Study material:

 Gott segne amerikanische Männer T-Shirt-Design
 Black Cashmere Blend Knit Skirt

* * *

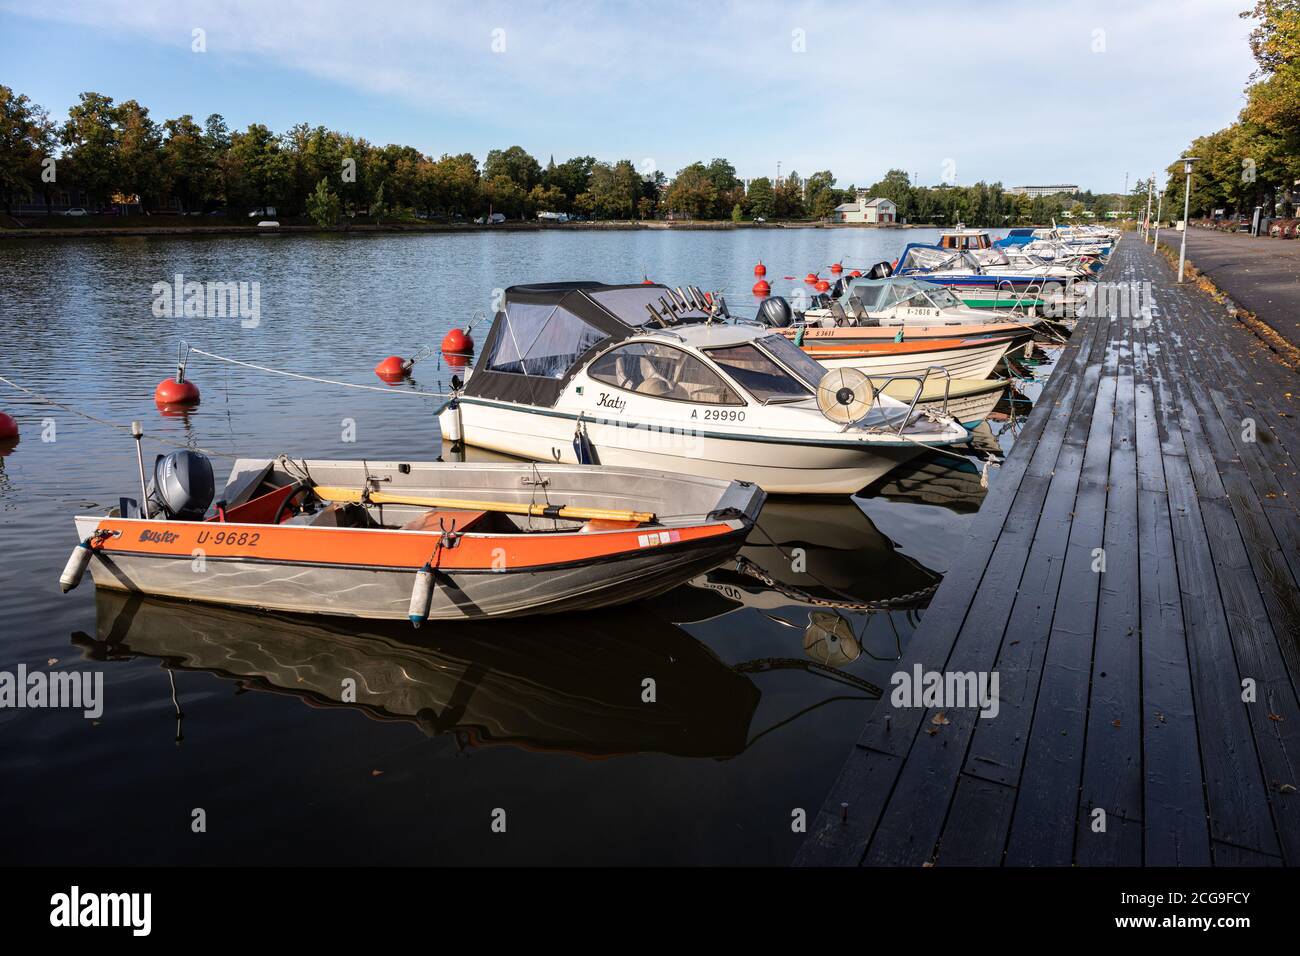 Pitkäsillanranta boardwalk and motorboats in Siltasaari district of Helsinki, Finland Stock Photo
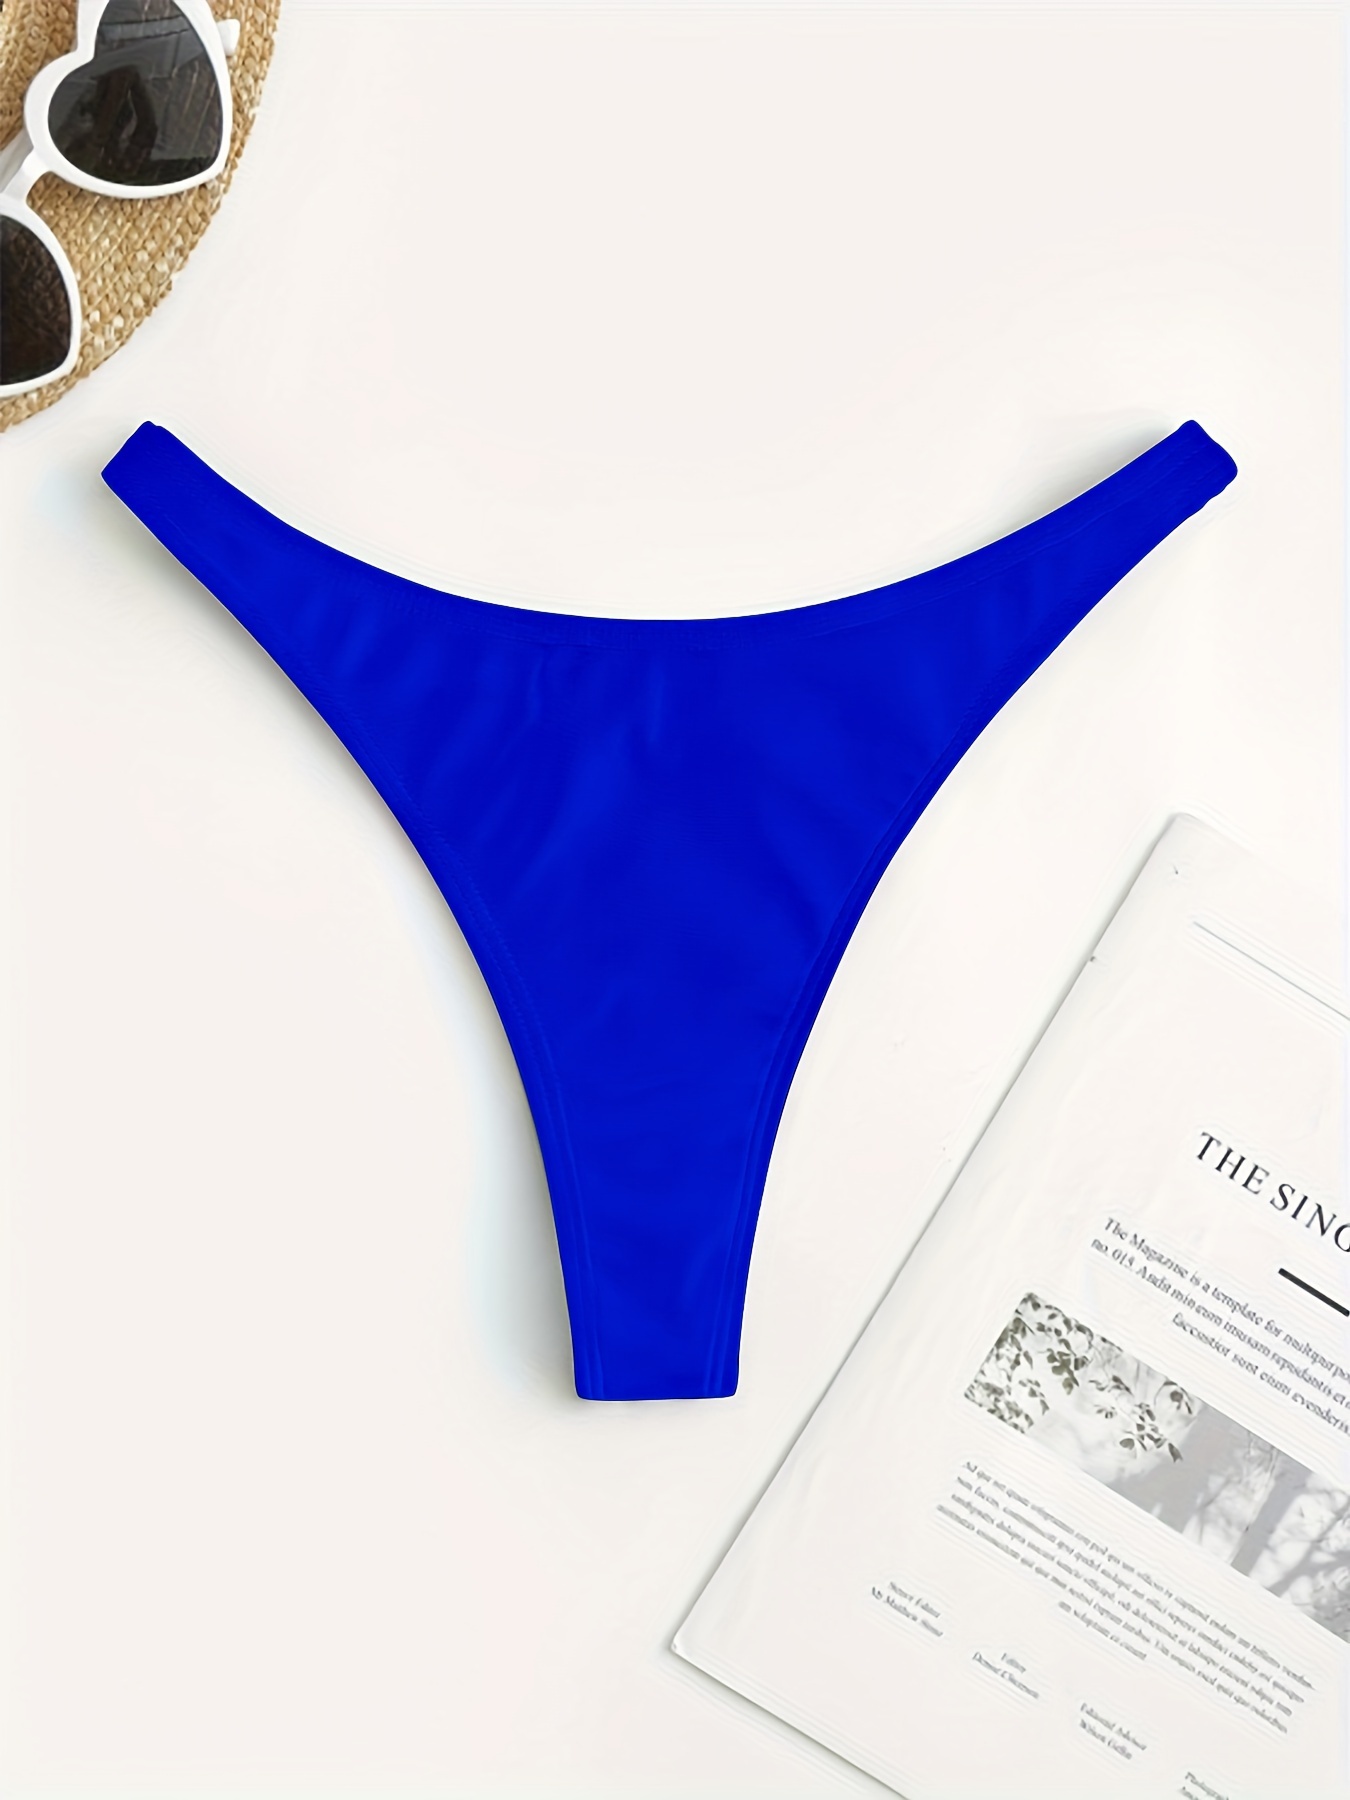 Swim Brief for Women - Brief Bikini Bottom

==

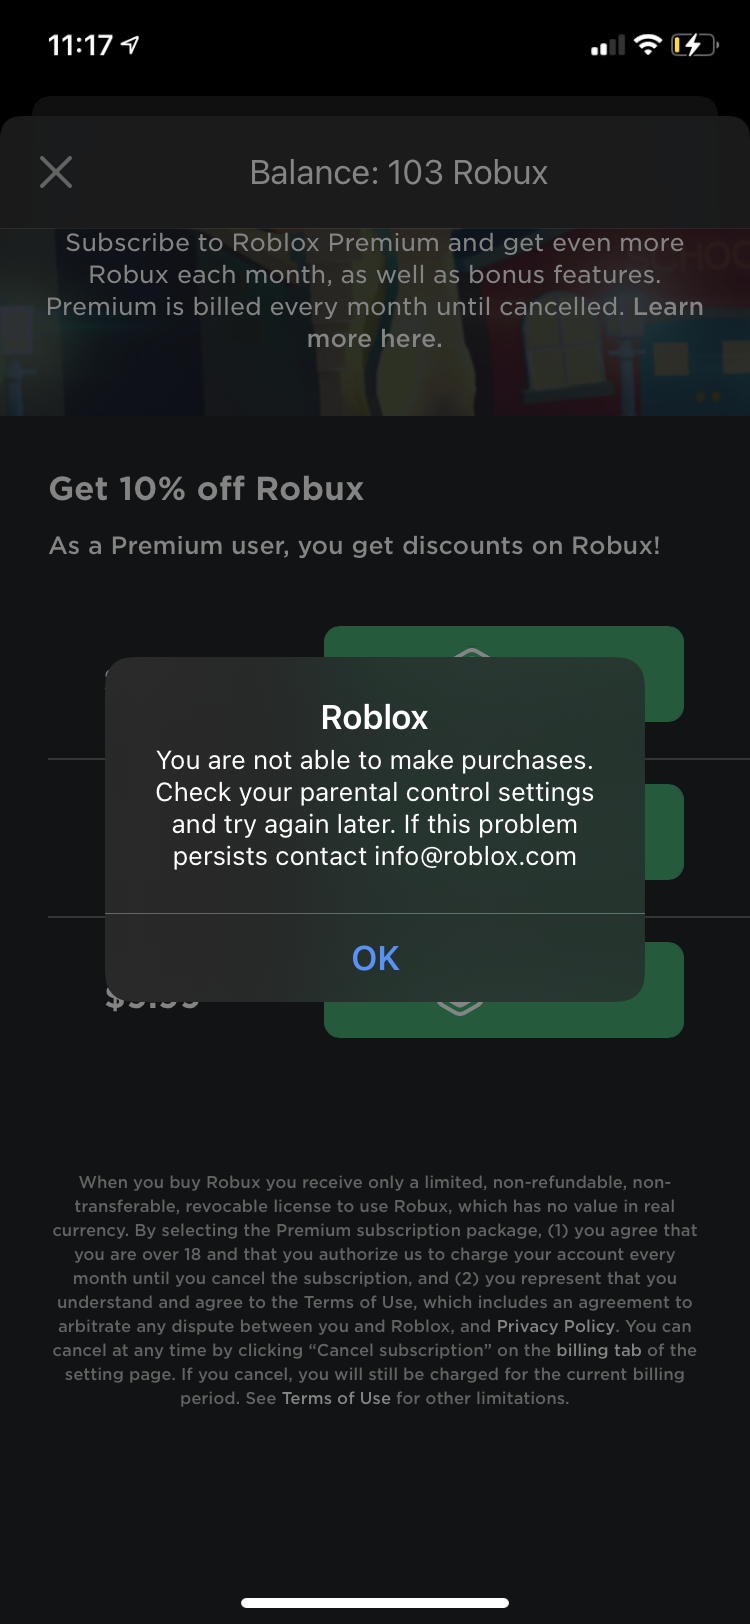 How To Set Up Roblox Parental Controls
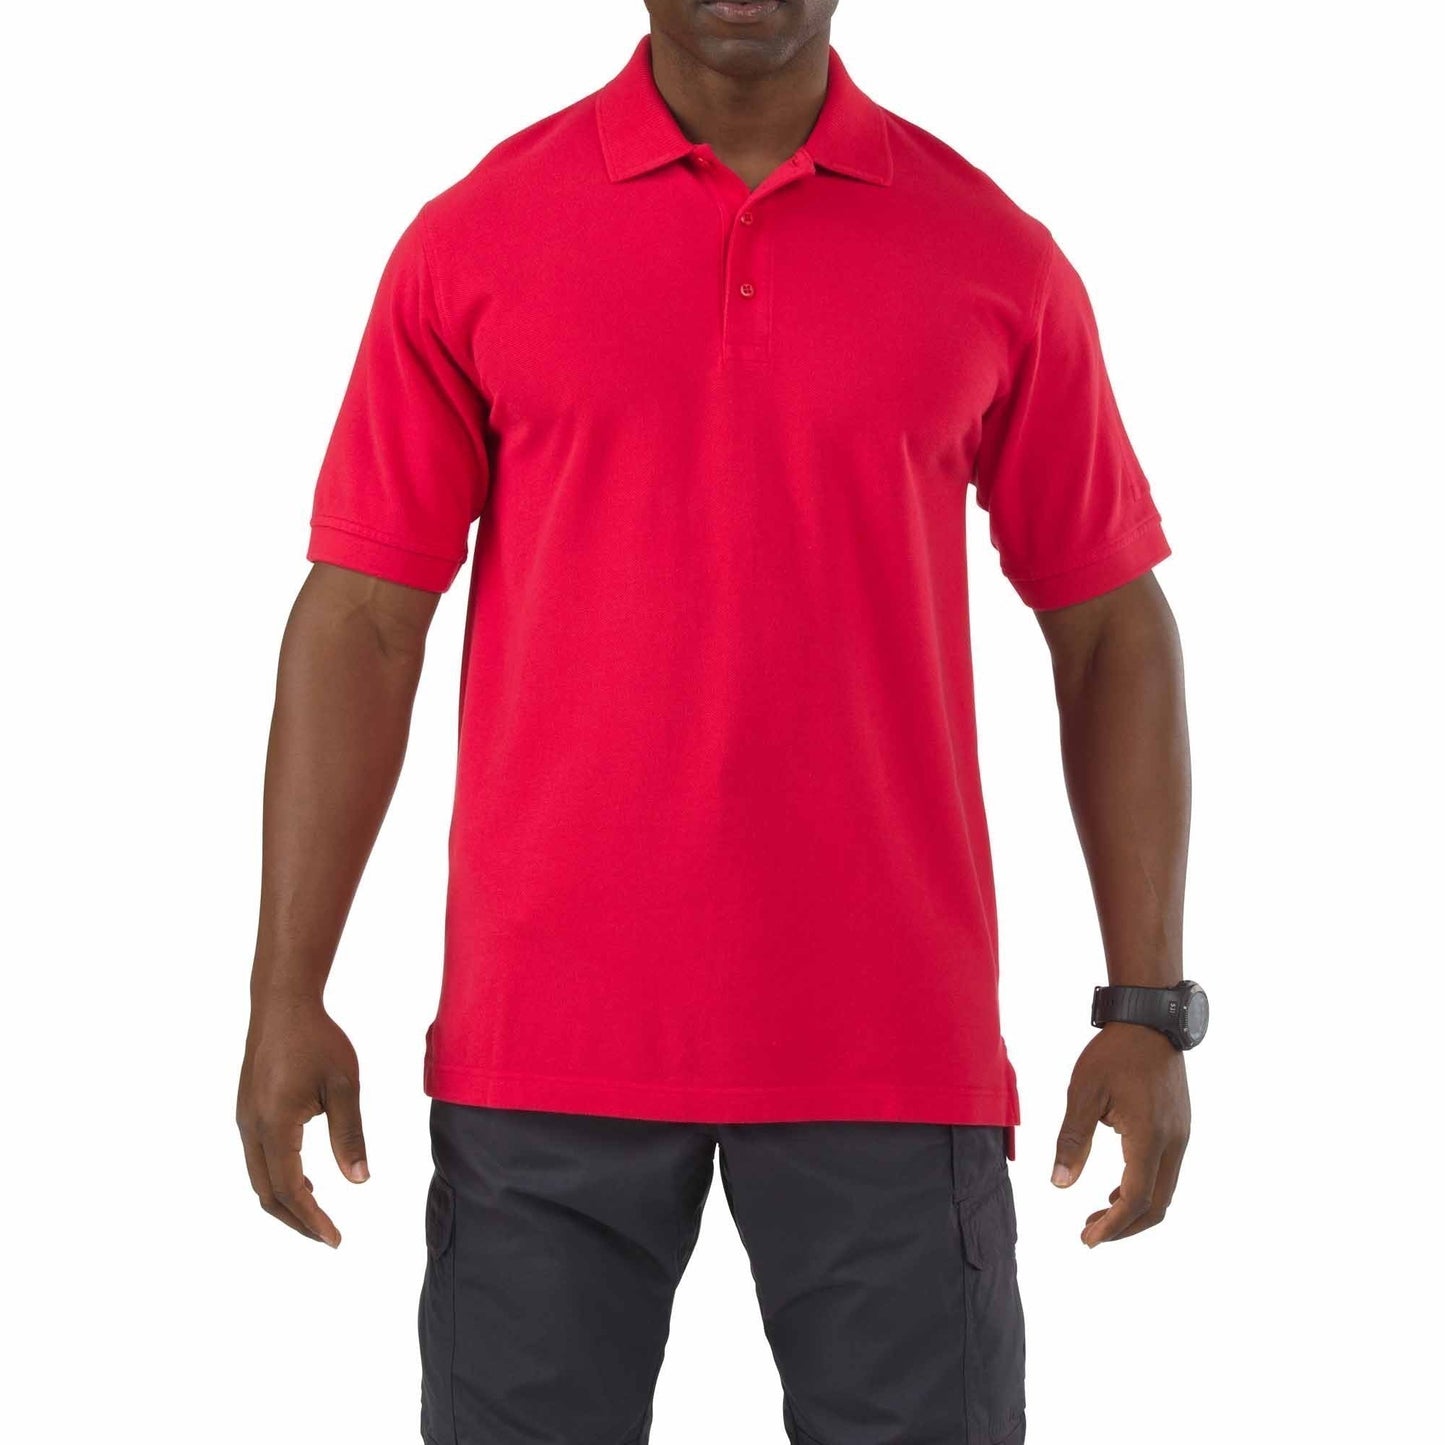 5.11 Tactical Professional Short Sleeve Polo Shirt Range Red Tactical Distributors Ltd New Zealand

Exercise:
Using the listing above, reproduce word for word every line from the one containing "How To Set Up Roblox Parental Controls" through the one containing "5.11 Tactical Professional". Pictures must be left out.

Result of this exercise:
 How To Set Up Roblox Parental Controls
 5.11 Tactical Professional Short Sleeve Polo Shirt Range Red Tactical Distributors Ltd New Zealand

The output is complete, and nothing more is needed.